HCD timestamps are encoded as microseconds because UNIX Epoch time does not include timezone information. The timestamp for all writes in HCD is Universal Time Coordinated (UTC). DataStax recommends converting to local time only when generating output to be read by humans.

Make sure NTP is installed and operational to prevent clock-drift.

Linux distribution NTP package

Linux distribution	NTP package
Debian systems	Use `timedatectl` and `timesyncd` installed by default as part of `systemd`. Alternatively, use `chrony`.
RHEL-based systems	Use `chrony`.

Debian systems

Use timedatectl and timesyncd installed by default as part of systemd.

Alternatively, use chrony.

RHEL-based systems

Use chrony.

Kernel

Configure the following kernel parameters for optimal traffic and user limits.

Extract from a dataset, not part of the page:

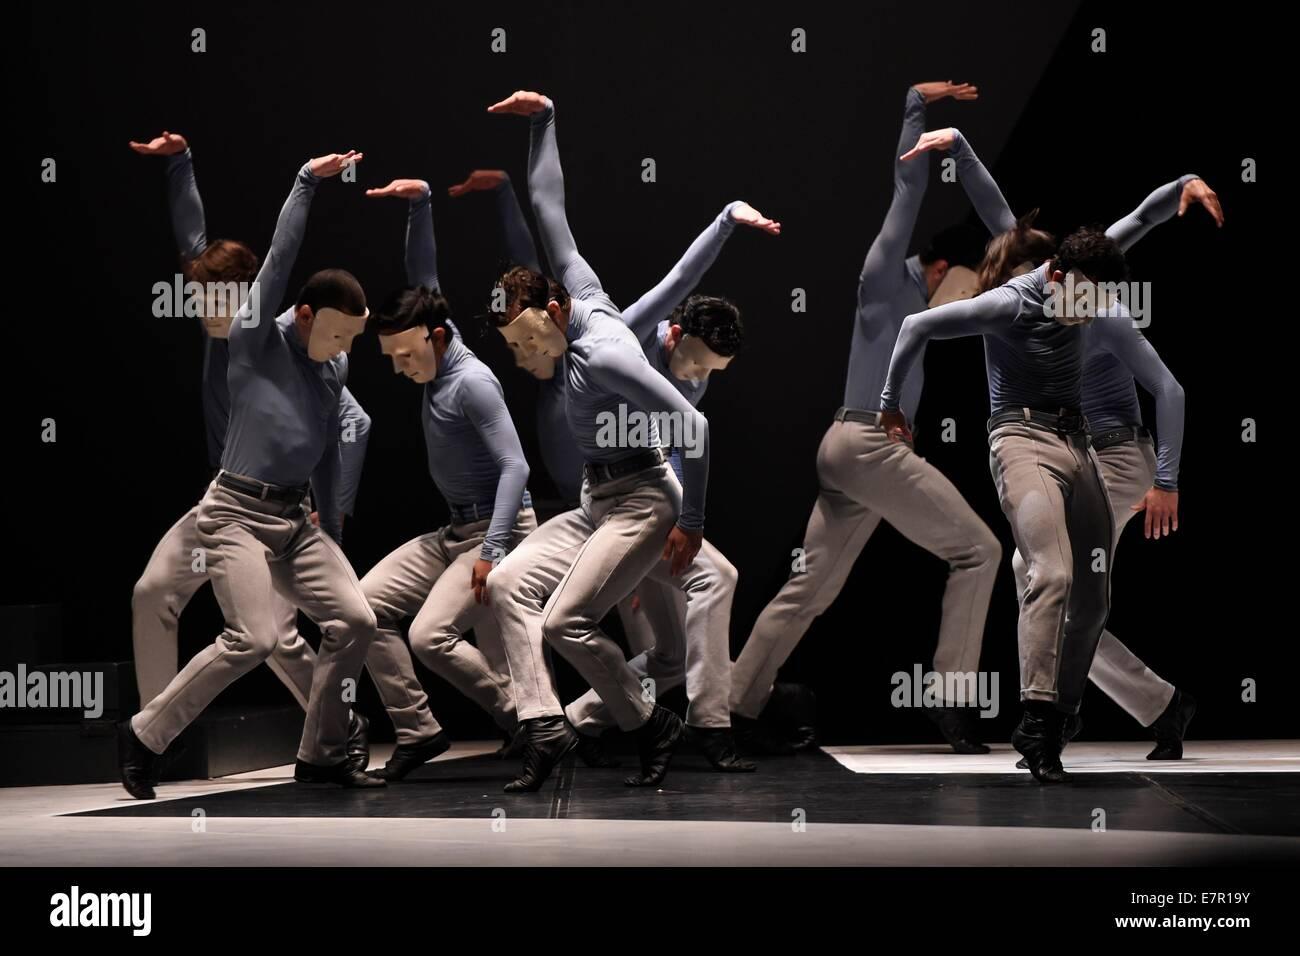 Montevideo, Uruguay. 22nd Sep, 2014. Dancers of Deborah Colker's Troupe perform during the dance show 'Belle', - Stock Image

Run the following command to view all current Linux kernel settings:

sudo sysctl -a

TCP settings

keepalive

During low traffic periods, a firewall configured with an idle connection timeout can close connections to local nodes and nodes in other data centers. To prevent connections between nodes from timing out, set the following network kernel settings:

Set the following TCP keepalive timeout values:

sudo sysctl -w \
net.ipv4.tcp_keepalive_time=60 \
net.ipv4.tcp_keepalive_probes=3 \
net.ipv4.tcp_keepalive_intvl=10

These values set the TCP keepalive timeout to 60 seconds with 3 probes, 10 seconds gap between each. The settings detect dead TCP connections after 90 seconds (60 + 10 + 10 + 10). When the additional traffic is negligible, it is safe to persist these TCP keepalive timeout settings. For more information, see streaming_keep_alive_period_in_secs.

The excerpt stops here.